Machines’ increased computational capacity might additionally affect the feasibility of accumulating uncompressed information via a “big data” approach. The compressibility of information is the

inverse of its algorithmic complexity: Compressing information is achieved by creating a rule that is shorter than a complete list of the data itself [107]. Compression is a key feature of both human cognition and machine learning [108]; any information-processing system must address a general trade-off between a truthful representation of the “raw” information and constraints on computation. The extent and nature of these constraints, however, differ between humans and machines [56]. Compression processes have an important role in human transmission to mitigate cultural loss: Raw information oftentimes is not learnable because it is too complex, whereas a compressed rule might very well be. Human language, for example, retains its expressivity by becoming learnable via the evolution of compressed structure [109]. Similarly, scientists develop, transmit, and revise theories as compressed representations of knowledge. Machine learning has the potential to reduce some of the constraints resulting from human computation, as the amount of data that can be processed is vastly increased. Consequently, information might be increasingly transmitted with low compression – in the form of “big data” – when predictive power is of ultimate importance and for some applications, the necessity to derive and transmit highly compressed rules or theories might be reduced [110, 111]. For instance, with the advent of AlphaFold, scientists might focus on collecting and preserving further ground truth data on molecule structures to refine future models rather than refining and transmitting theories of atomic interactions. While symbolic representations may remain crucial for efficient computation, algorithmic-assisted discovery could lessen the need for their transmission, as these representations could be easily regenerated [112]. However, theories may retain importance in shaping human understanding and intuition, serving as essential tools for conceptualizing knowledge—a function that the framework we present in this work aims to fulfill.

Selection

Culture evolves in part through the selective retention of cultural traits. In the context of machine culture, selection can occur at a level where machines select what and from whom humans learn, at a level where humans select machine behavior, and at a level where there is selection between humans and machines.

When it comes to what humans learn, social learning strategies shape what, when, and whom we copy. These strategies can be broadly categorized into content- and context-based strategies [113, 114]: content-based strategies consider what is learned, favoring—for instance—social over nonsocial information [115]. Conversely, context-based strategies attend to situational features, focusing on properties of a cultural model (e.g., their competence, success, prestige, knowledge, similarity), frequencies (e.g., most common behavior, rare behavior), or internal states of the learner (e.g., uncertainty, the cost of individual learning). Machines that help humans to navigate vast information spaces by (pre-)selecting cultural traits often reflect such social learning strategies.

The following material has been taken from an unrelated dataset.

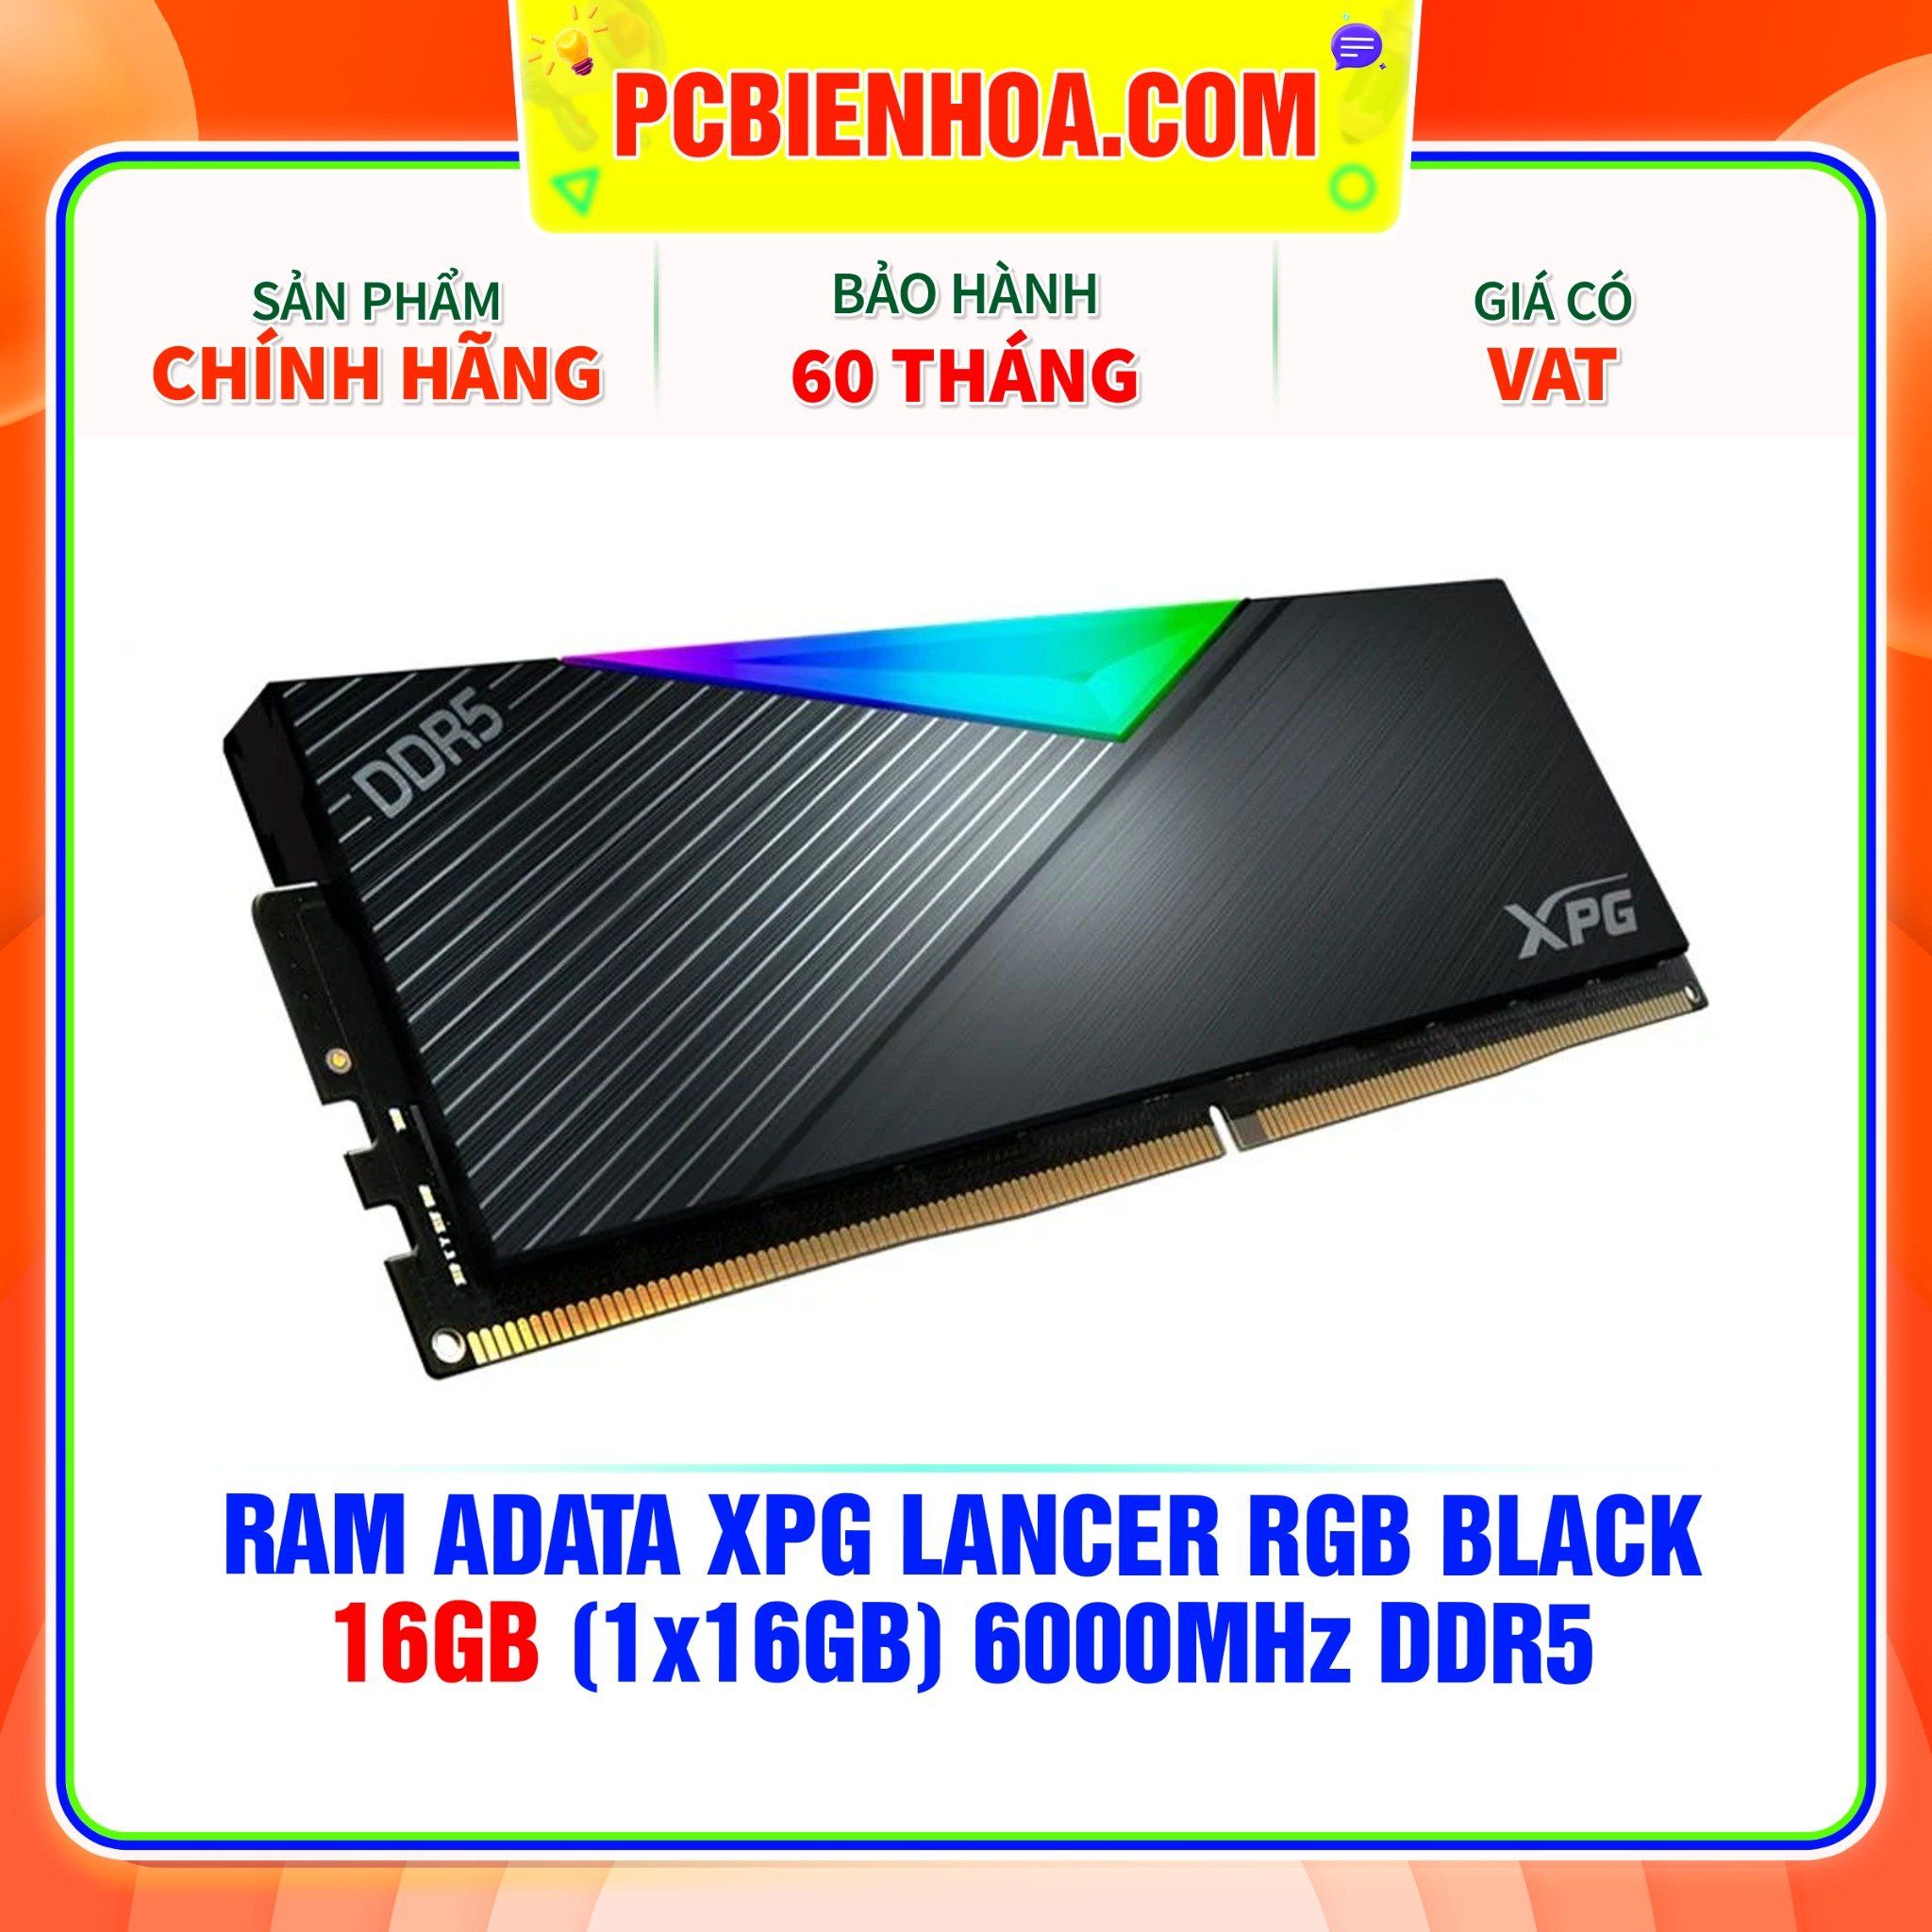  RAM ADATA XPG LANCER RGB BLACK - 16GB (1x16GB) 6000MHz DDR5 
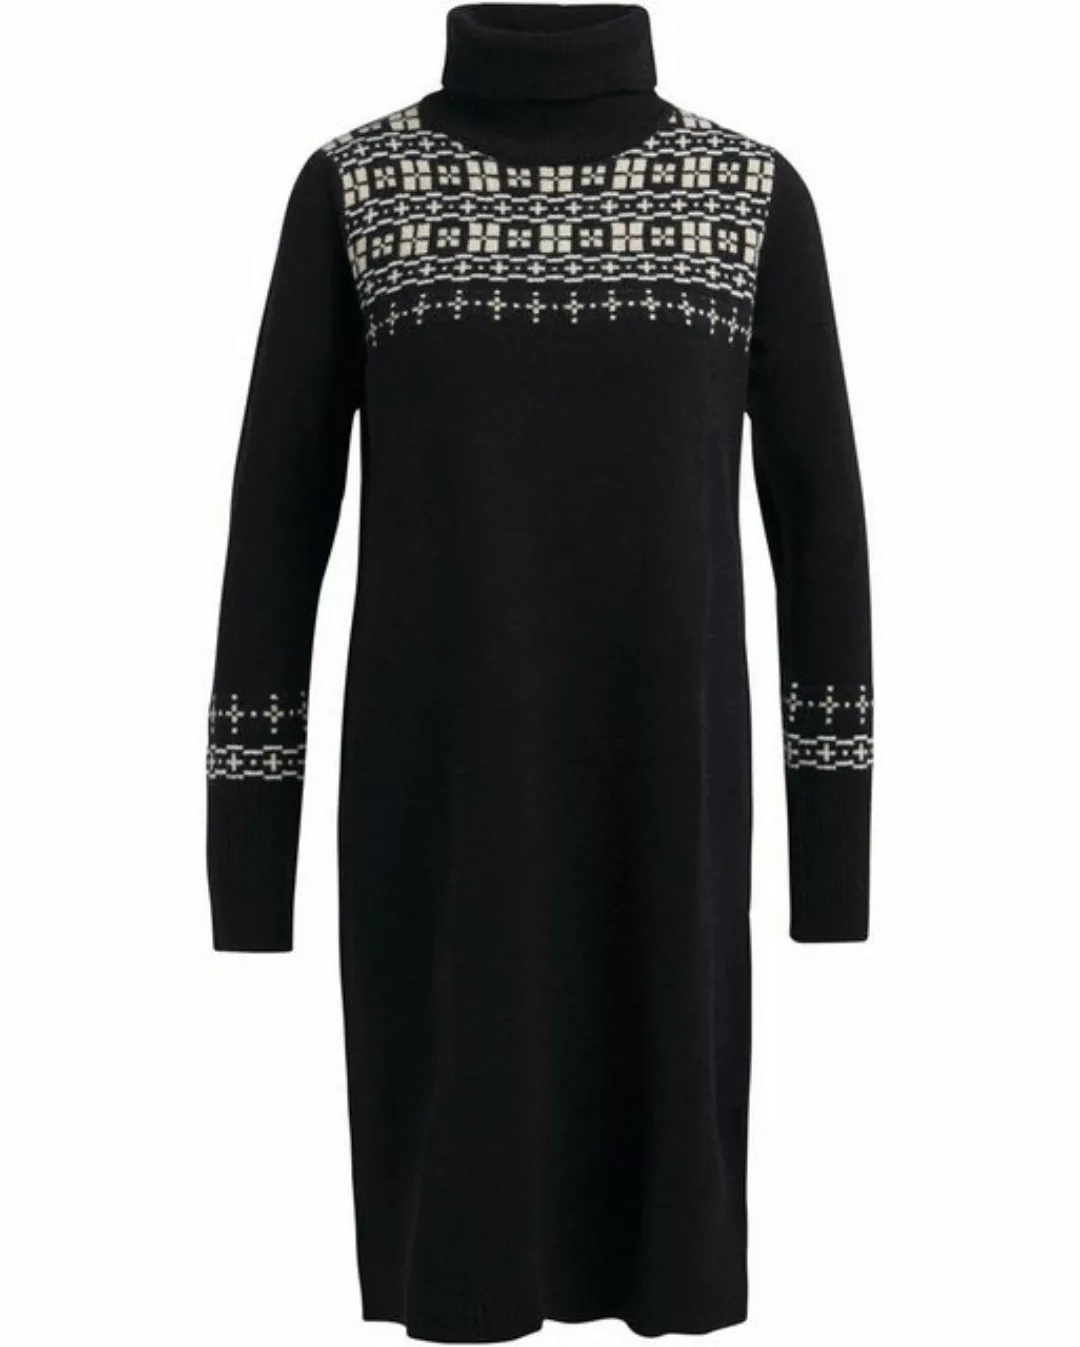 Barbour Midikleid Rollkragenkleid Herring Knit Dress günstig online kaufen

For instance, content-based filtering algorithms aim to maximize the similarity between items a user previously showed interest in and unobserved items. Emulating context-based strategies in selection, ranking algorithms typically sort items according to a relevance score, which is based on the items’ popularity [116, 117]. Concurrently, collaborative filtering (CF) algorithms detect hidden patterns between items and users, achieving recommendations about novel items to similar users without using additional exogenous information about individual items or users [118] (see Figure 4B).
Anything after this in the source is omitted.